- From: James Fuller <jim@webcomposite.com>
- Date: Mon, 24 Sep 2012 14:43:39 +0200
- To: James Clark <jjc@jclark.com>
- Cc: public-microxml@w3.org
On Mon, Sep 24, 2012 at 2:38 PM, James Clark <jjc@jclark.com> wrote: > REx looks quite cool. Did you have to modify the grammar in the spec at all > to get REx to accept it? only slightly, and rearrange things to fit what is required by REx (though I think I need to understand a bit more how REx works with whitespace def). > There are very few requirements that aren't expressed in the syntax: > > - name in end-tag must match name in start-tag > - no duplicate attributes > - referent of a numeric character ref must match char production good points! > What difference exactly in the behaviour of the parser does <?TOKENS?> make? The preceding <?TOKENS?> is the syntax ( parser rules) which is subject to LL(K) parser generation. The part following <?TOKENS?> is the 'lexer definition', which goes into a DFA construction.
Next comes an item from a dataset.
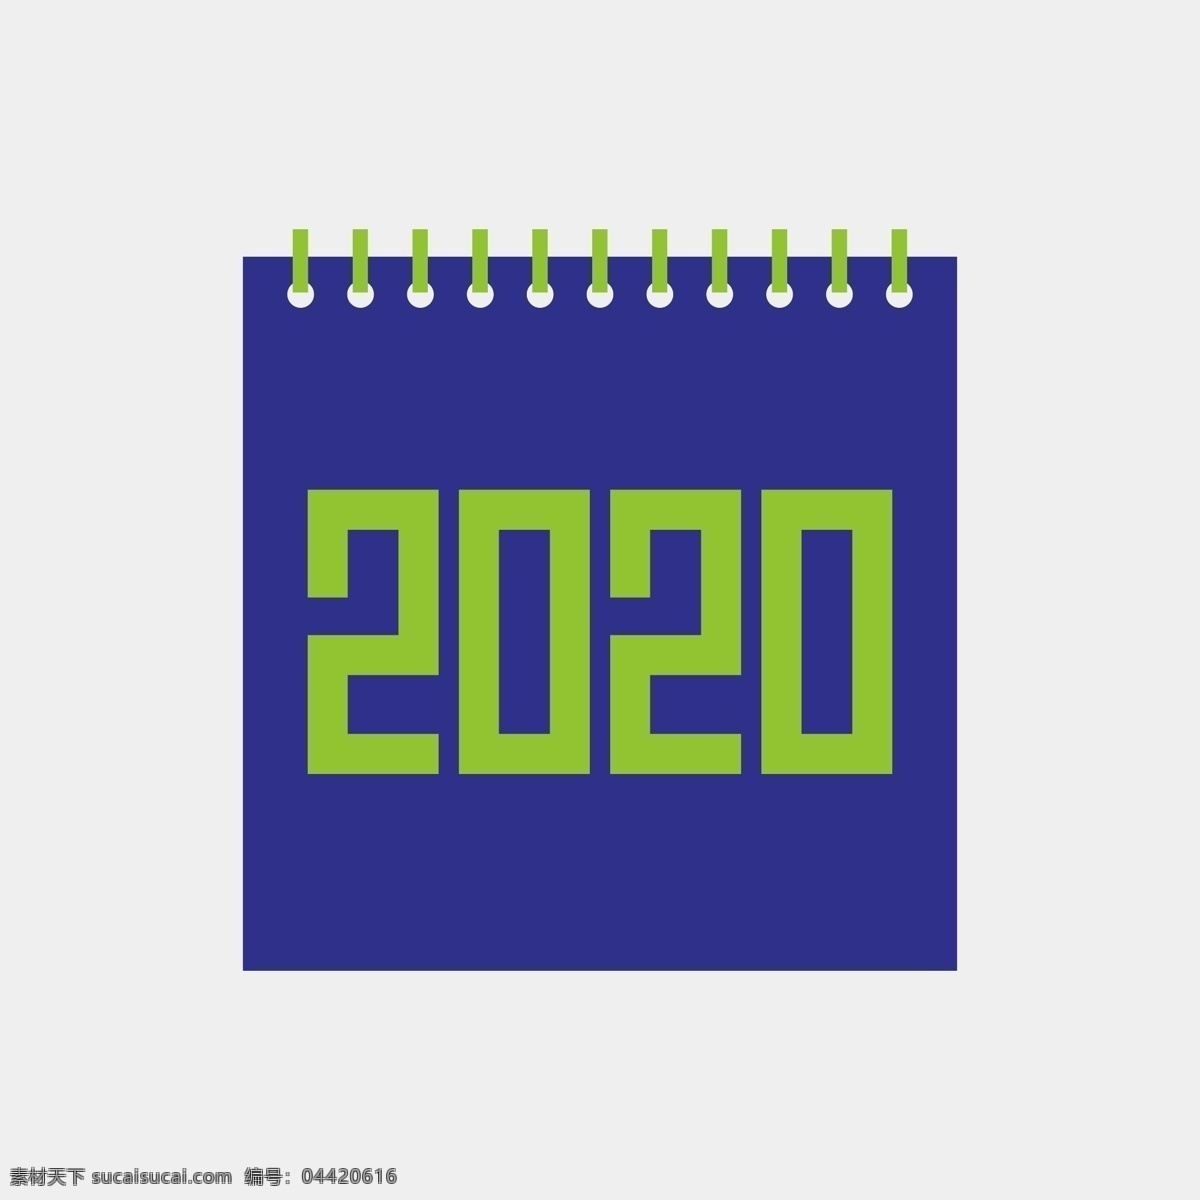 2020年 电商主图 日历字体 海报字体 背景字体 创意海报 创意台历 2020 新年 挂历字体 台历字体 创意数字 数字设计 数字创意 台历数字 包装字体 背景墙字体 画册字体 笔记本字体 电商字体

The following constructs are allowed in lexer definition: - character codes, e.g. #xFEFF - character sets, e.g. [0-9a-fA-F] - "subtraction", e.g. char - ('<'|'&'|'>') - lexical lookahead ("&" and "\\" operators) - token preference definitions ("<<" and ">>" operators) As per Gunther, he states that the lexer definition does not support; - recursive rules (because of the DFA) - the "ordered choice" operator: "/" Yes, REx is cool … Jim Fuller
Received on Monday, 24 September 2012 12:44:12 UTC